A SERS-active substrate based on nanosphere lithography-derived Ag particles, which has adjustable surface plasmon resonance properties, has been demonstrated (Hynes, C. L.; Van Duyne, R. P. J. Phys. Chem. B 2003, 107, 7426; Jensen, T. R.; Schatz, G. C.; Van Duyne, R. P. J. Phys. Chem. B 1999, 103, 2394). Xu et al. provided a theoretical study in 2000 that the effective Raman cross section of a molecule placed between two metal nanoparticles could be enhanced by more than 12 orders of magnitude (Xu, H.; Aizpurua, J.; Käll, M.; Apell, P. Phys. Rev. E 2000, 62, 4318). The field enhancement for SERS from metal nanoparticle arrays has also been theoretically investigated. Specifically, it was proposed that very localized plasmon modes, created by strong electromagnetic coupling between two adjacent metallic objects, dominate the surface enhanced Raman scattering response in an array of nanostructures (García-Vidal, F. J.; Pendry, J. B. Phys. Rev. Lett. 1996, 77, 1163). The interparticle coupling-induced enhancement contributes to the broadening in the width of the plasmon resonance peak, which better encompasses both the excitation wavelength and Raman peak. From the calculations of the average enhancement factor over the surfaces of an array of infinite-long Ag nanorods with semicircular cross-section, it has been shown that significant near-field interaction between adjacent nanorods takes place when the gap between the nanorods reached half (½) of their diameters.

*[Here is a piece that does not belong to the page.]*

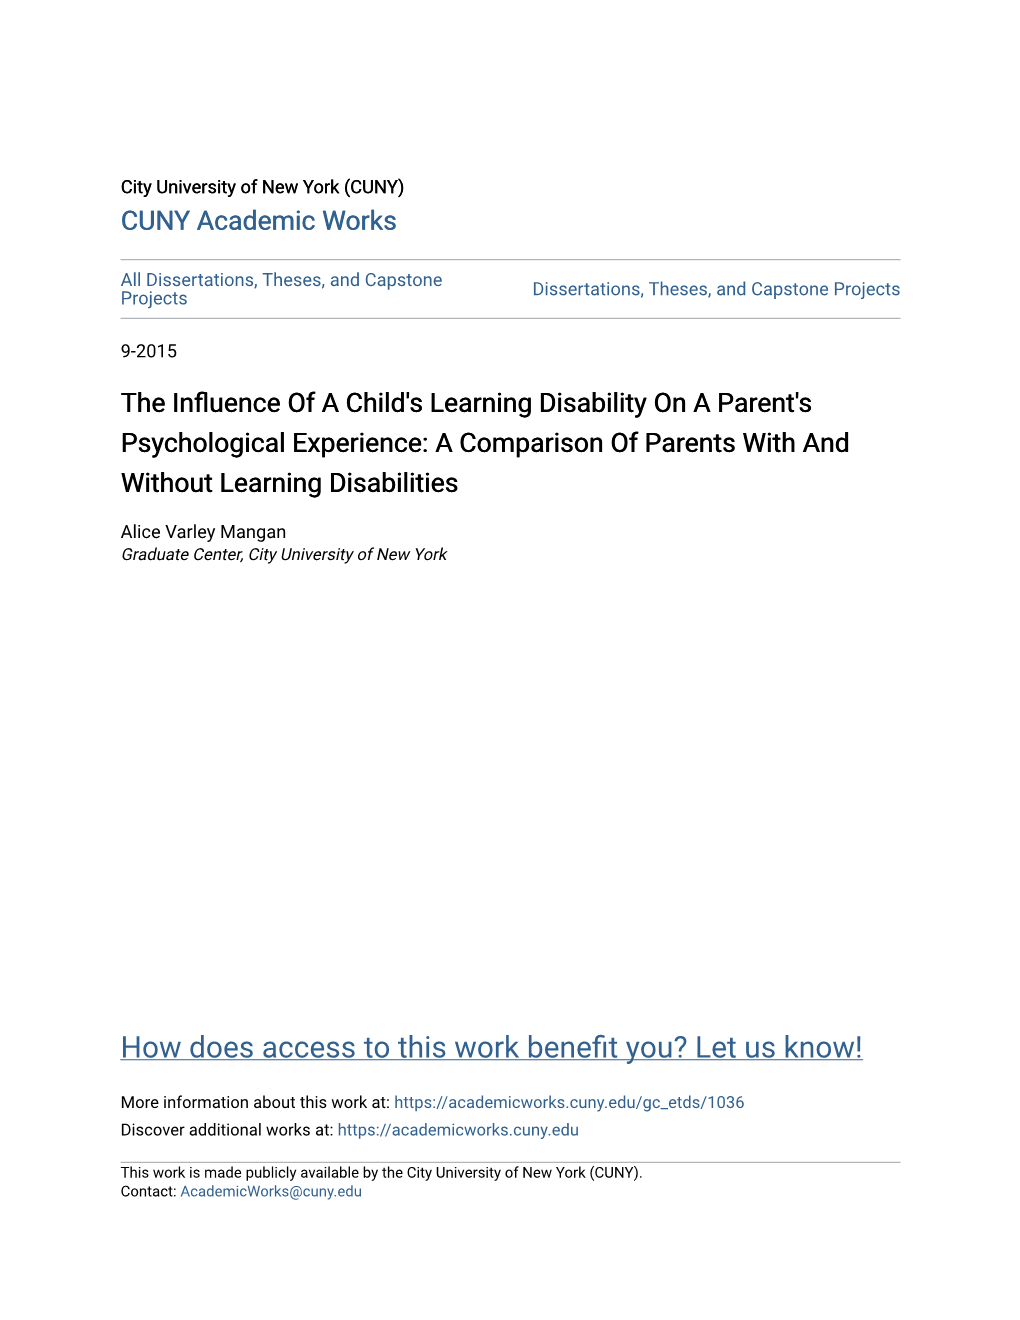 The Influence of a Child's Learning Disability on a Parent's Psychological Experience: a Comparison of Parents with and Without Learning Disabilities

The dependence of the enhancement factor on the gap between the adjacent nanoparticles on a SERS-active substrate has also been studied. For example, Gunnarsson et al. reported SER scattering on ordered Ag-nanoparticle arrays with interparticle gap above 75 nm (Gunnarsson, L; Bjerneld, E. J.; Xu, H.; Petronis, S. Kasemo, B.; Käll, M. Appl. Phys. Lett. 2001, 78, 802). Lu et al. provided the study on the temperature-controlled variation of interparticle gaps among Ag-nanoparticles embedded in a polymer membrane (Lu, Y.; Liu, G. L.; Lee, L. P. Nano Lett. 2005, 5, 5). Performance of SERS on self-organized Au-nanoparticle arrays with narrow interpaticle gap was investigated, and so was SERS from nanowire arrays in aluminum matrix with interparticle gaps of ˜110 nm. (Wei, A.; Kim, B.; Sadtler, B.; Tripp, S. L. Chem. Phys. Chem. 2001, 2, 743; Sauer, G.; Brehm, G.; Schneider, S.; Graener, H.; Seifert, G.; Nielsch, K.; Choi, J.; Göring, P.; Gösele, U.; Miclea, P.; Wehrspohn, R. B. J. Appl. Phys. 2005, 97, 024308).

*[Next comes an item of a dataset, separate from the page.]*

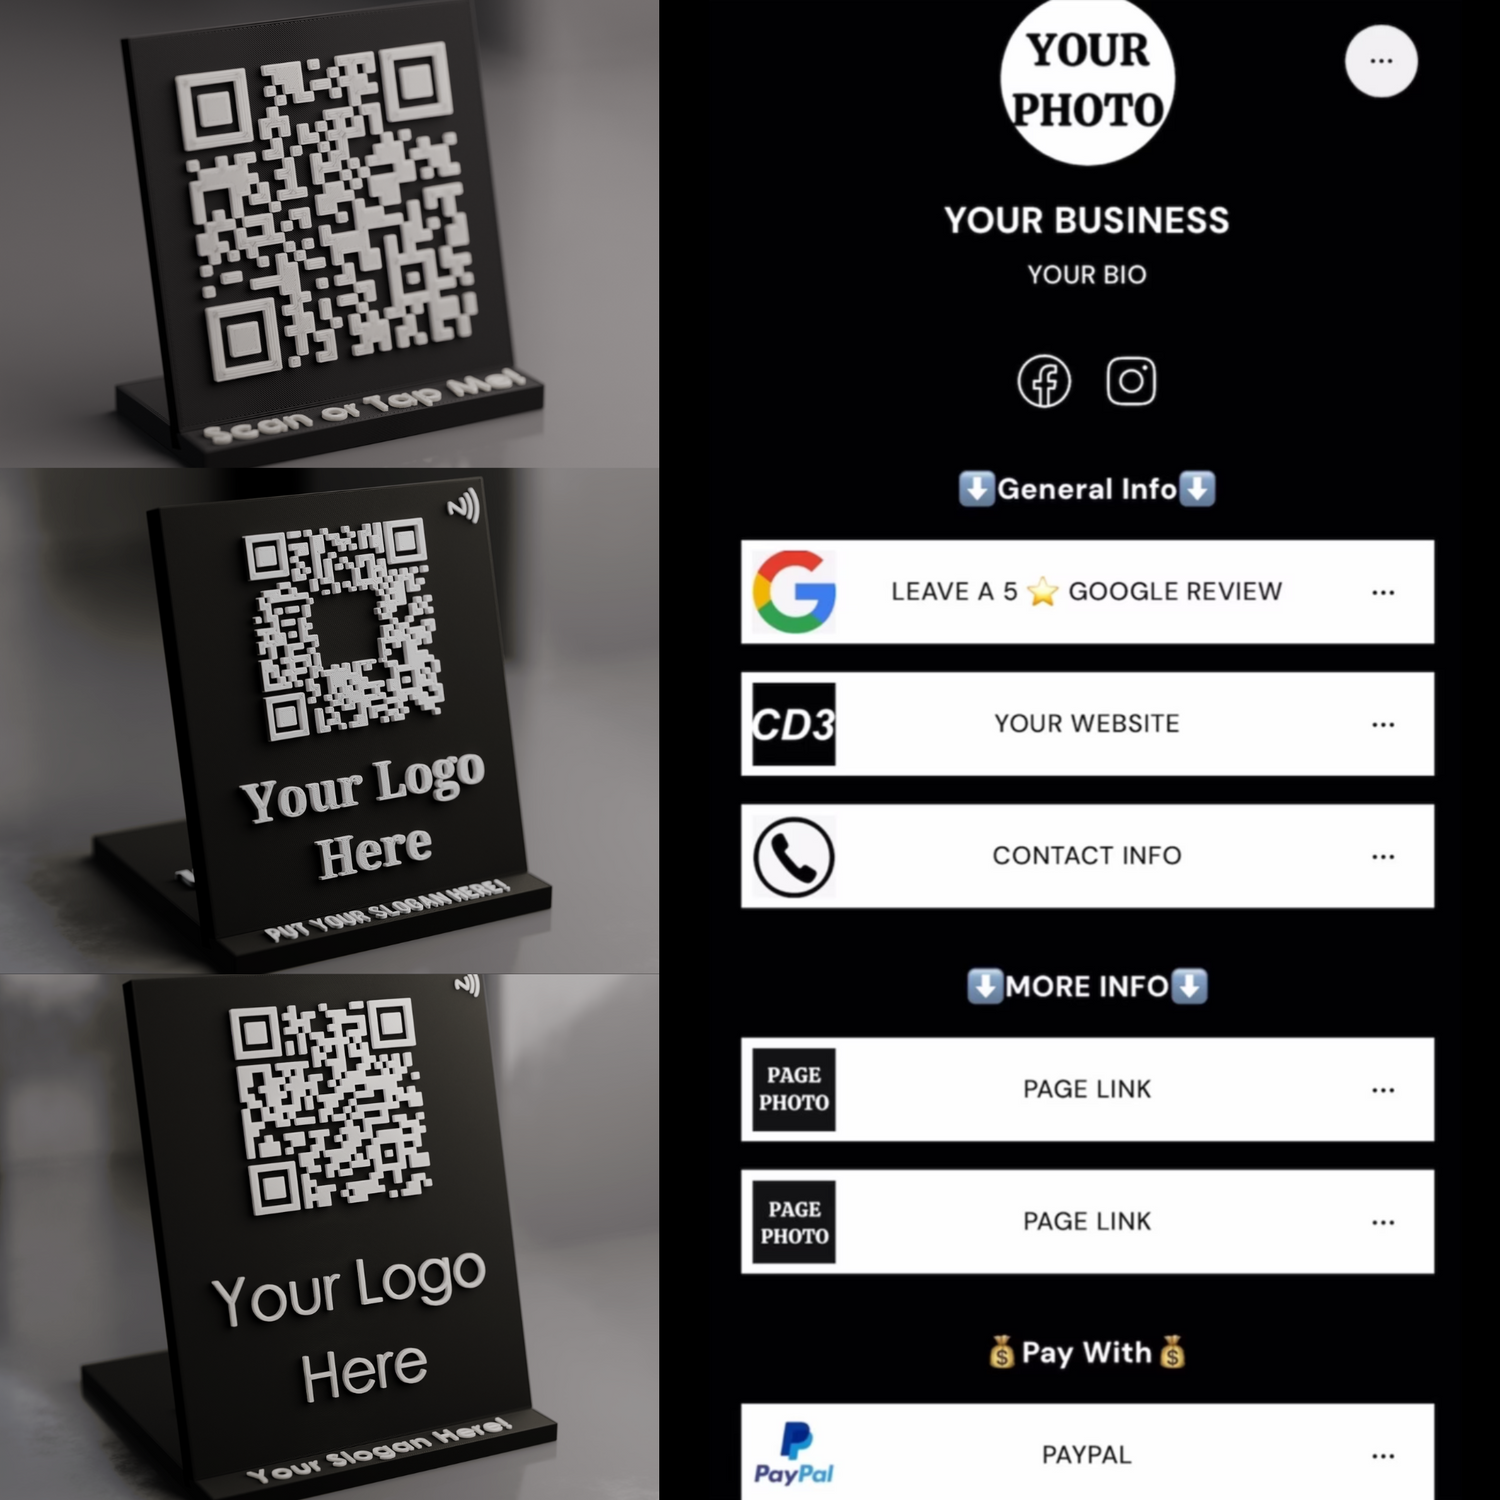 Example of linktree we will make if you choose the 2 link of 3+ link option of 10 Mini Qr Code Stands with NFC Chip - Get google reviews, boost website traffic, advertise social medias, and market your brand better.

As shown by the theoretical and experimental studies above, the precise control of the gaps between the nanostructures on a SERS-active substrate to be in the sub-50 nm range is difficult with the pre-existing nanofabrication methods. It is thus the intent of this invention to control the inter-nanopit gaps to be around or below 50 nm, as that is the key to the fabrication of SERS substrates with uniformly high enhancement factor.